#openstack-meeting-alt log

14:00:19 <edleafe> #startmeeting nova_scheduler
14:00:20 <openstack> Meeting started Mon Apr  3 14:00:19 2017 UTC and is due to finish in 60 minutes.  The chair is edleafe. Information about MeetBot at http://wiki.debian.org/MeetBot.
14:00:21 <openstack> Useful Commands: #action #agreed #help #info #idea #link #topic #startvote.
14:00:23 <openstack> The meeting name has been set to 'nova_scheduler'
14:00:27 <cdent> o/
14:00:32 <edleafe> Good UGT morning!
14:00:35 <macsz> \o
14:00:41 <jimbaker> o/
14:01:27 <jaypipes> o/
14:01:31 <thomasem> o/
14:01:31 * macsz ashamed that every single time has to check what UGT means
14:01:49 <bauzas> \o
14:01:56 <edleafe> macsz: :)
14:02:21 * johnthetubaguy lurks
14:02:23 <bauzas> 4pm is like an excellent morning for some real people
14:02:23 <macsz> and it isn't general union of workers in Portugal!
14:02:37 <jimbaker> "Now, instead of spending time figuring out what time of day is it for every member of the channel, we spend time explaining newcomers benefits of UGT." is the relevant quote...

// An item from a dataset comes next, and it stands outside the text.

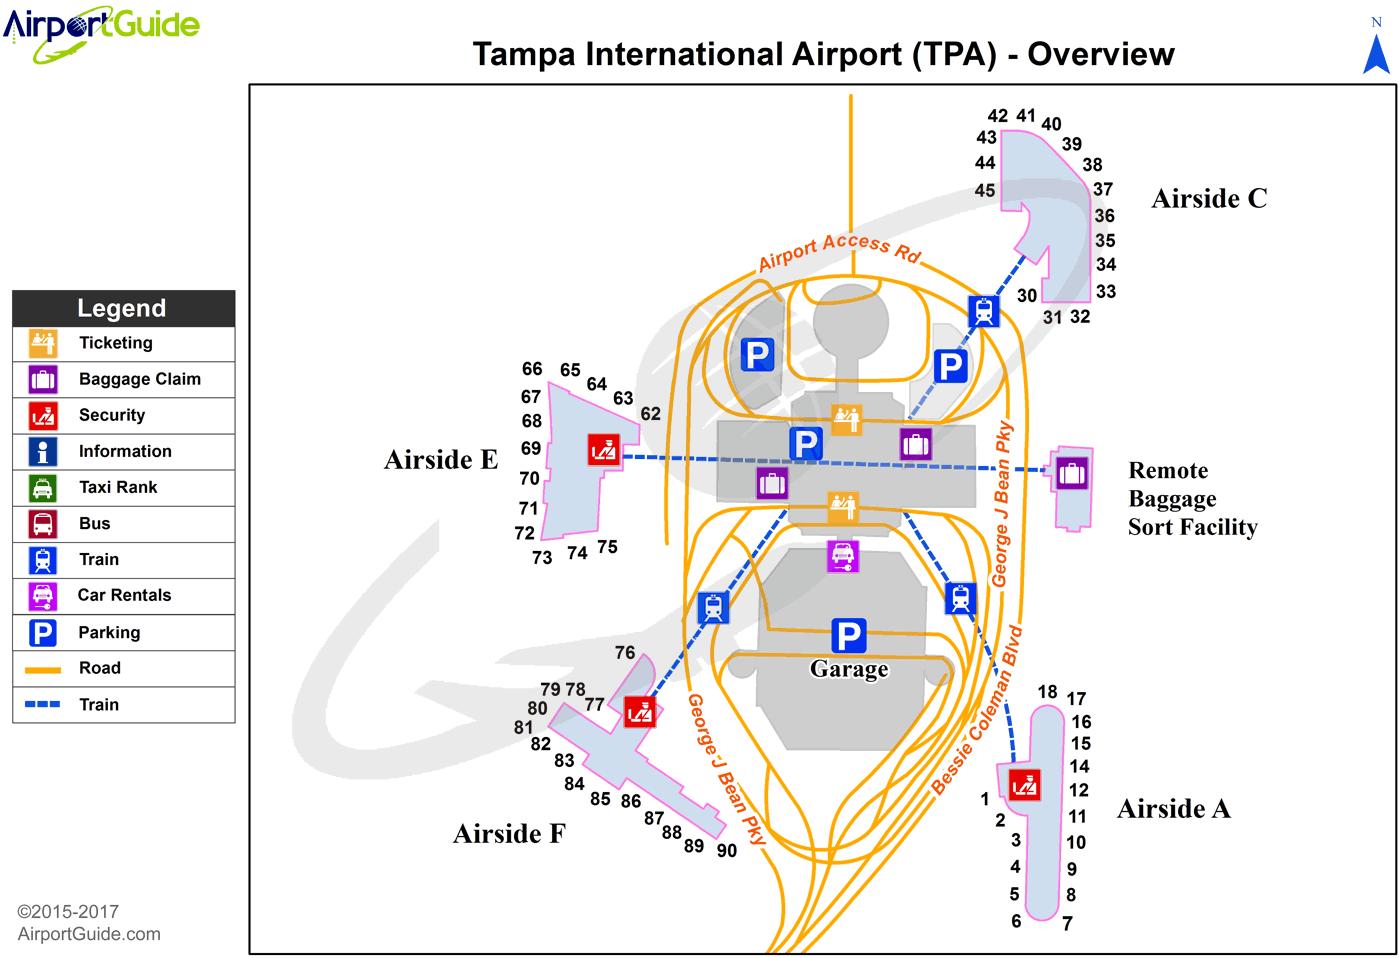 Tampa Airport Map Tampa   Tampa International (TPA) Airport Terminal Map   Overview  Tampa Airport Map

14:02:52 <bauzas> mostly jetsettes
14:02:56 <bauzas> jetsetters even
14:03:07 <edleafe> jimbaker: 'zactly
14:03:31 <edleafe> Anyways, let's get started
14:03:37 <edleafe> #topic Specs and Reviews
14:03:52 <edleafe> First up:
14:03:54 <edleafe> #link Traits series https://review.openstack.org/#/c/376201/
14:04:14 <edleafe> Seems to be some gate issues, but it looks like that's pretty much done
14:05:09 <jaypipes> ya
14:05:12 <edleafe> Along the same lines...
14:05:13 <edleafe> #link os-traits reorg https://review.openstack.org/#/c/448282/
14:06:18 <edleafe> Two approaches for automating/simplifying the import of the directories have been proposed
14:06:21 <edleafe> #link pony https://github.com/cdent/pony
14:06:23 <edleafe> #link autoimport https://github.com/EdLeafe/autoimport
14:07:06 <edleafe> jaypipes: have you had a chance to look over those?
14:07:30 <jaypipes> edleafe: only yours. which I supported and said "go for it."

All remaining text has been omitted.